Intermittent Fasting Diet
Not about what you eat, but when. Cycling between periods of eating and fasting.
What Is It?
Intermittent fasting (IF) is an eating pattern that cycles between periods of fasting and eating. It doesn't prescribe specific foods but rather when you should eat them. The most popular methods include the 16:8 method (eating within an 8-hour window) and the 5:2 method (eating normally 5 days, restricting calories 2 days).
How It Works
During fasting periods, insulin levels drop significantly, facilitating fat burning. Human growth hormone levels increase, aiding muscle preservation and fat loss. Cellular repair processes like autophagy are activated — cells clean out damaged components.

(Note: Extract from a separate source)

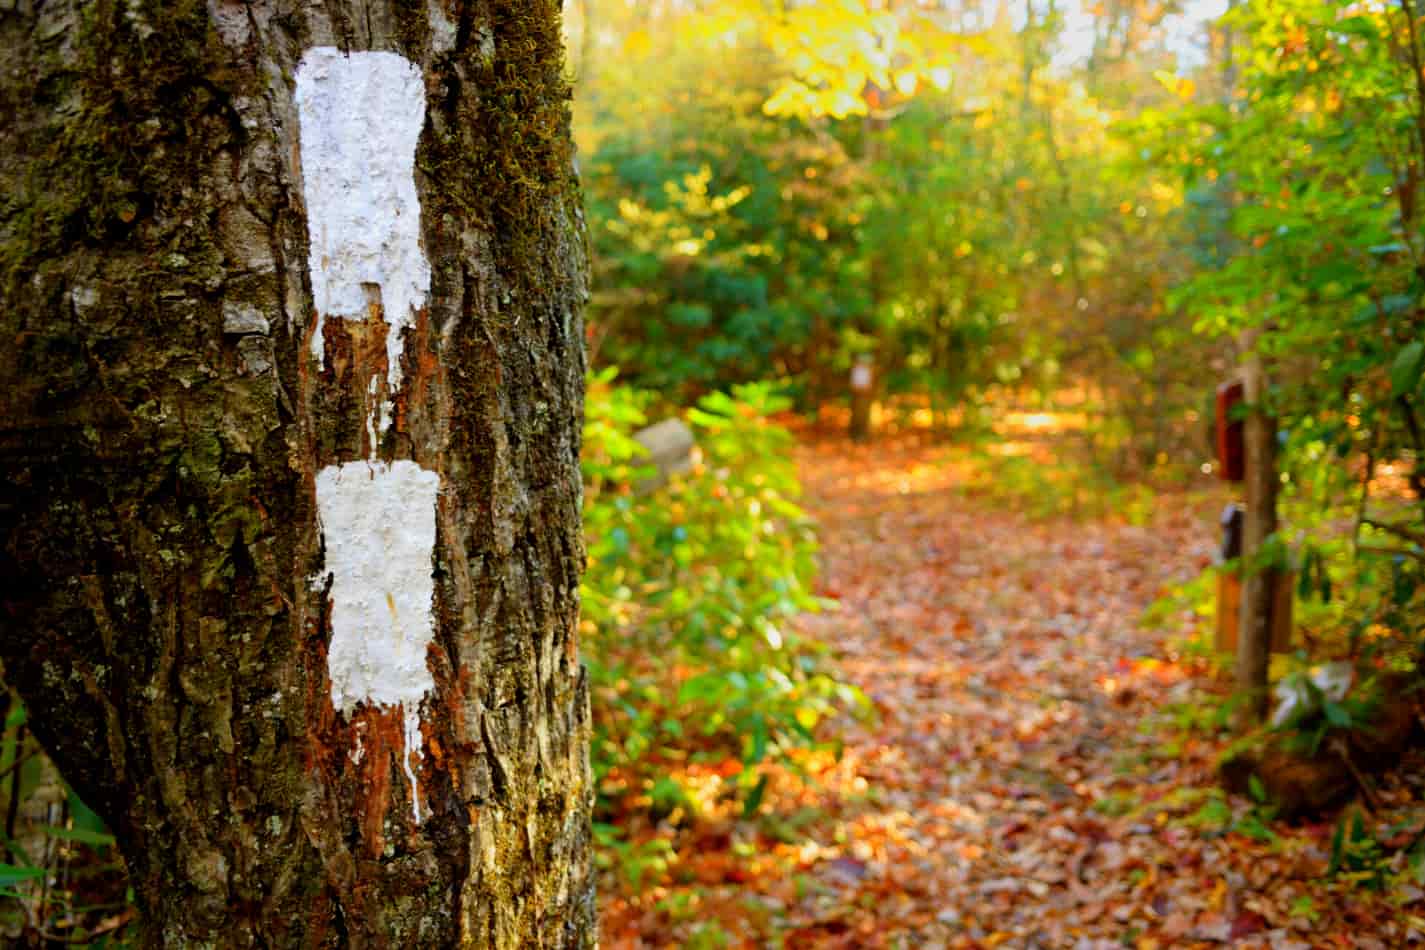 Double white blaze on the appalachian Trail marked on a tree showing you the way forward. Trail markings are important to hiker's success!

These metabolic shifts drive many of IF's health benefits.
Benefits
- Simplified meal planning
- Improved insulin sensitivity
- Enhanced cellular repair (autophagy)
- May support brain health
- Potential longevity benefits
- Can be combined with any dietary approach
✅ Foods to Eat
- •No specific food restrictions
- •During eating windows, whole foods are recommended
- •Lean proteins
- •Vegetables and fruits
- •Whole grains
- •Healthy fats
- •Water, tea, and black coffee during fasting
🚫 Foods to Avoid
- •Calorie-containing drinks during fasting periods
- •Highly processed foods (though technically allowed)
- •Excessive sugar
- •Breaking fast with heavy, greasy foods
Sample Day
🔬 Scientific Evidence
Substantial research supports IF for weight management and metabolic health. A 2023 NEJM review found IF comparable to caloric restriction for weight loss. Benefits for insulin sensitivity are well-established. Longevity research is promising but mostly from animal studies. Not recommended for people with eating disorders, pregnant women, or those on certain medications.